> **HOW TO COMPLETE THIS TASK**: What's wanted here is the full listing below, repeated exactly, with no images in it.

> **STORED DATA**:

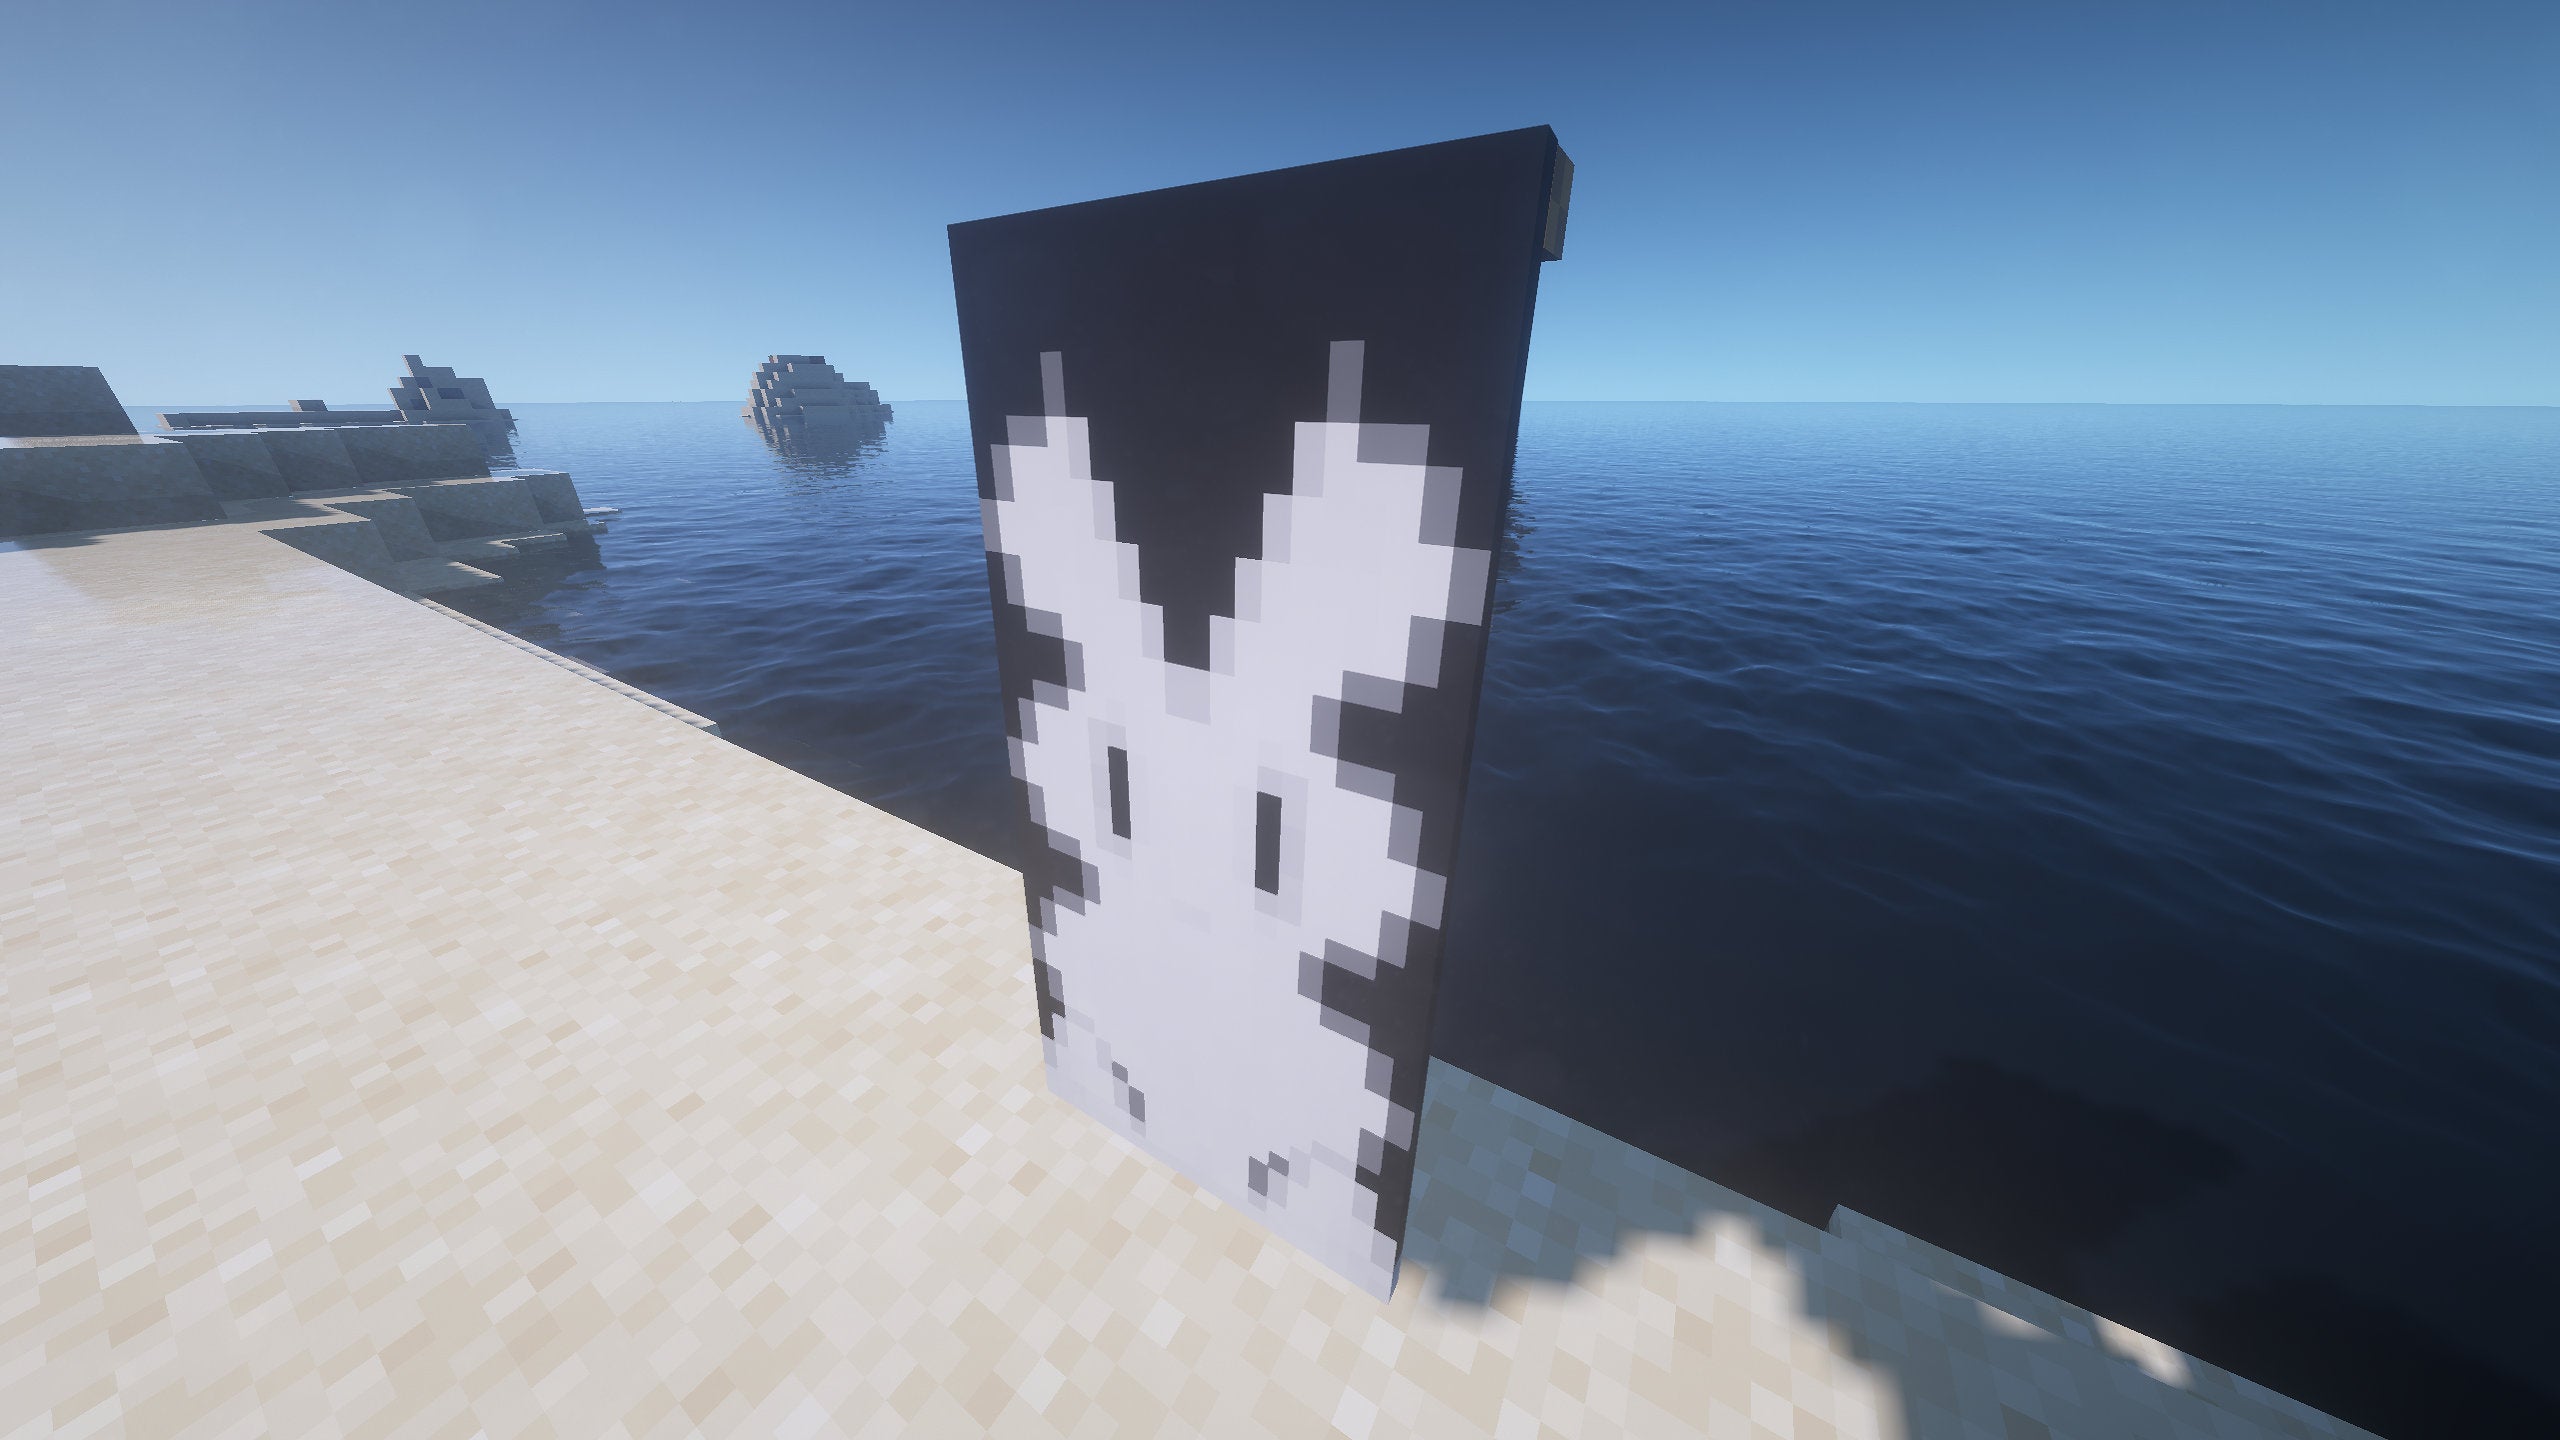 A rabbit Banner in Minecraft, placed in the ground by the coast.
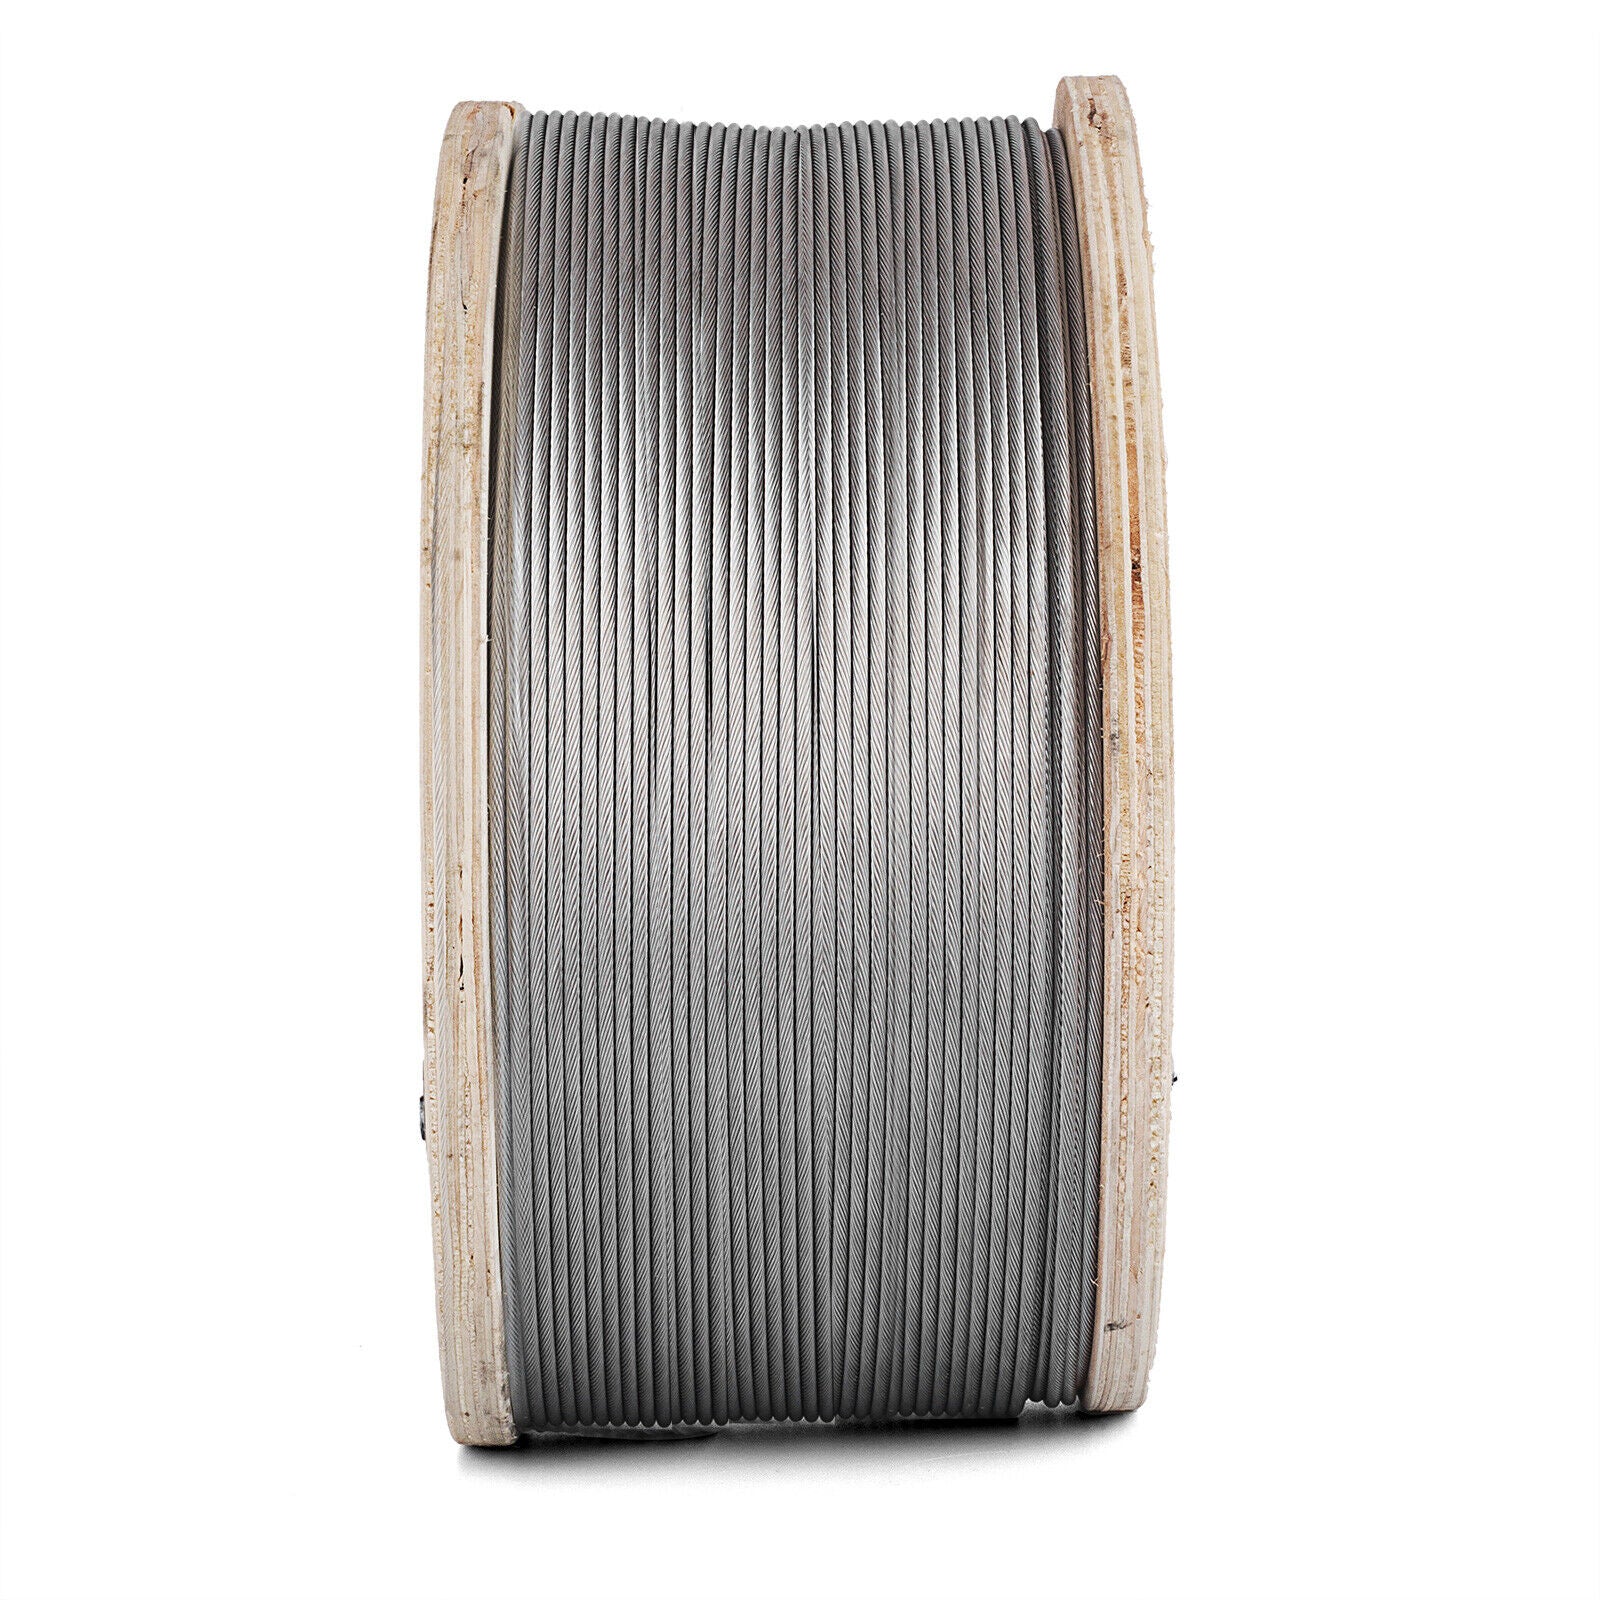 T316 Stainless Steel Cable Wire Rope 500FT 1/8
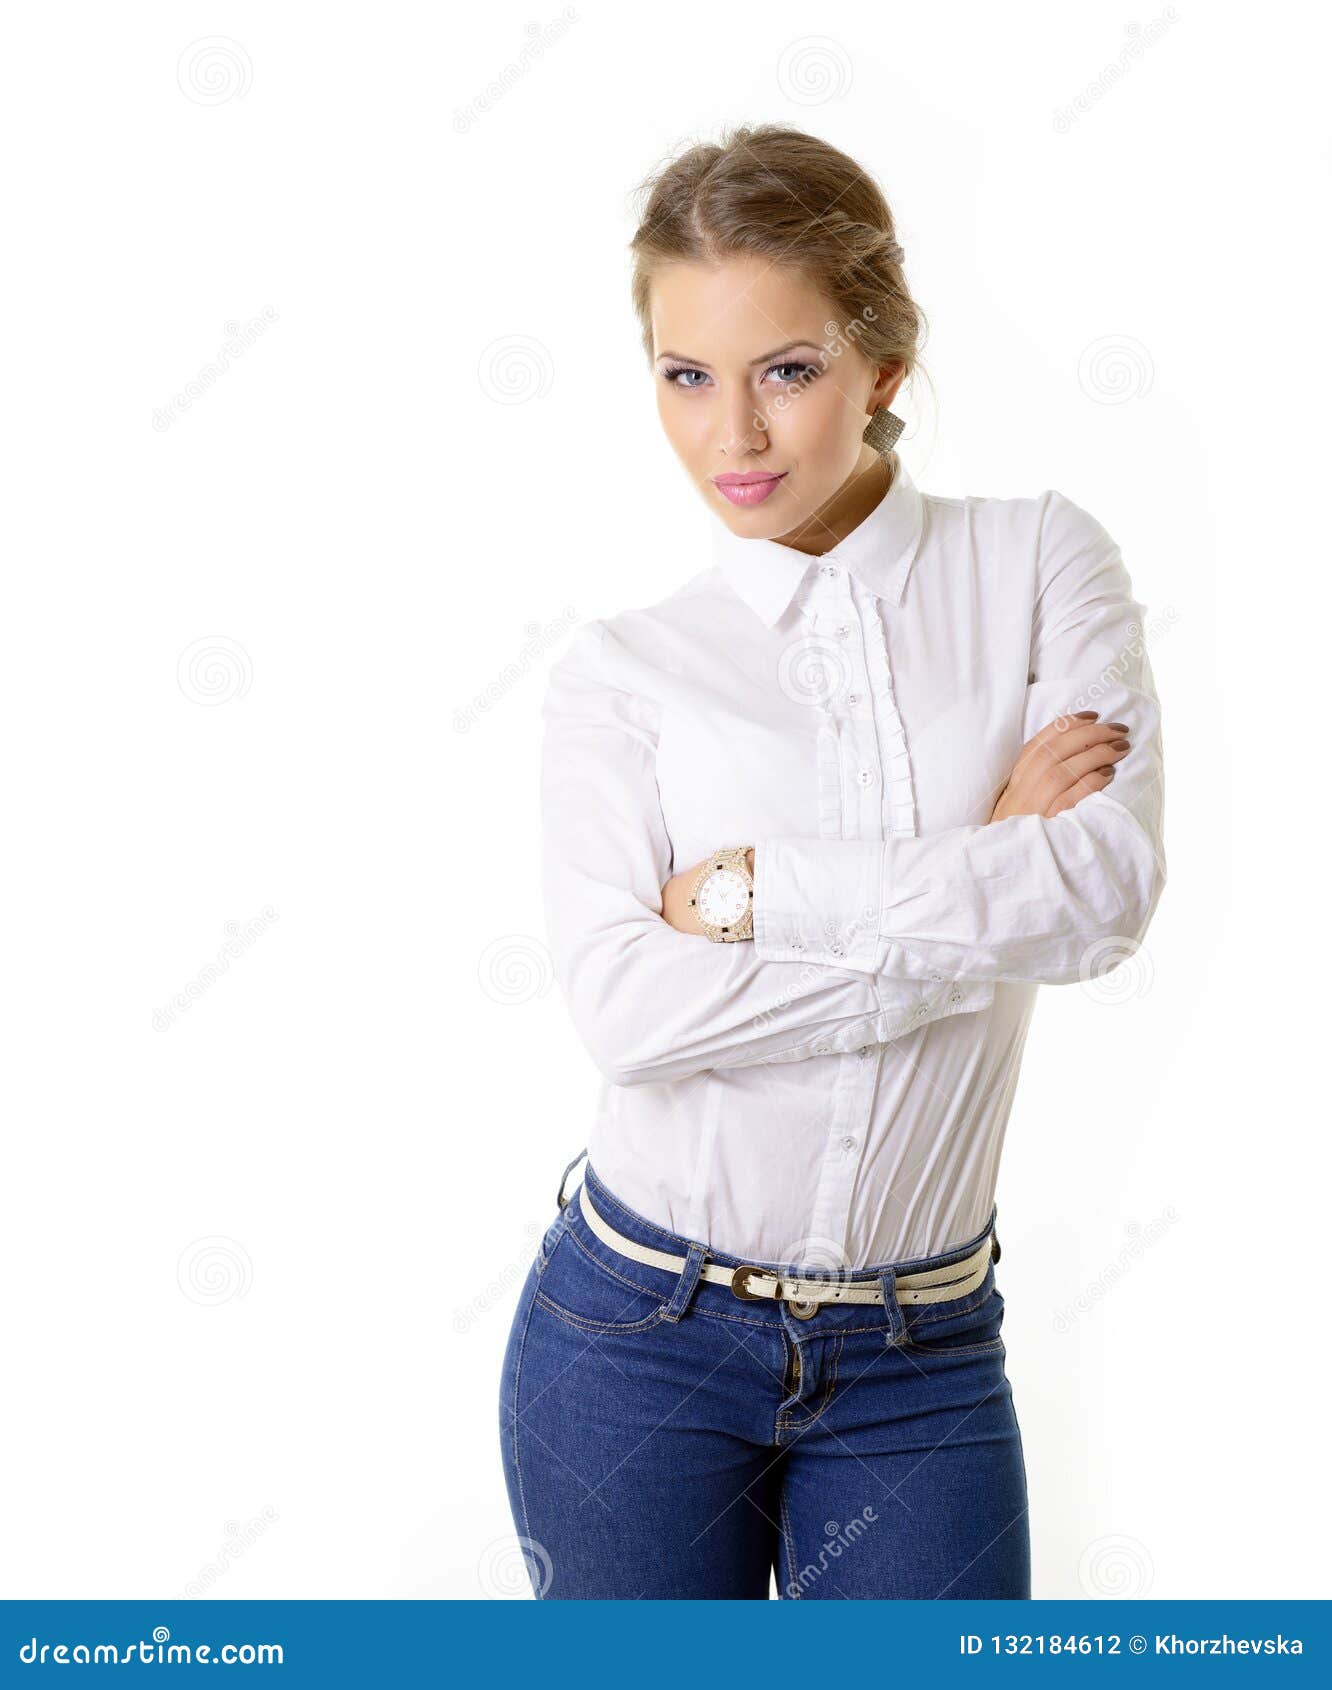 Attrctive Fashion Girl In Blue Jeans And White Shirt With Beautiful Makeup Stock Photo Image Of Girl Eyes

> **SOLUTION TO THE PROBLEM**:
 A rabbit Banner in Minecraft, placed in the ground by the coast.
 T316 Stainless Steel Cable Wire Rope 500FT 1/8
 Attrctive Fashion Girl In Blue Jeans And White Shirt With Beautiful Makeup Stock Photo Image Of Girl Eyes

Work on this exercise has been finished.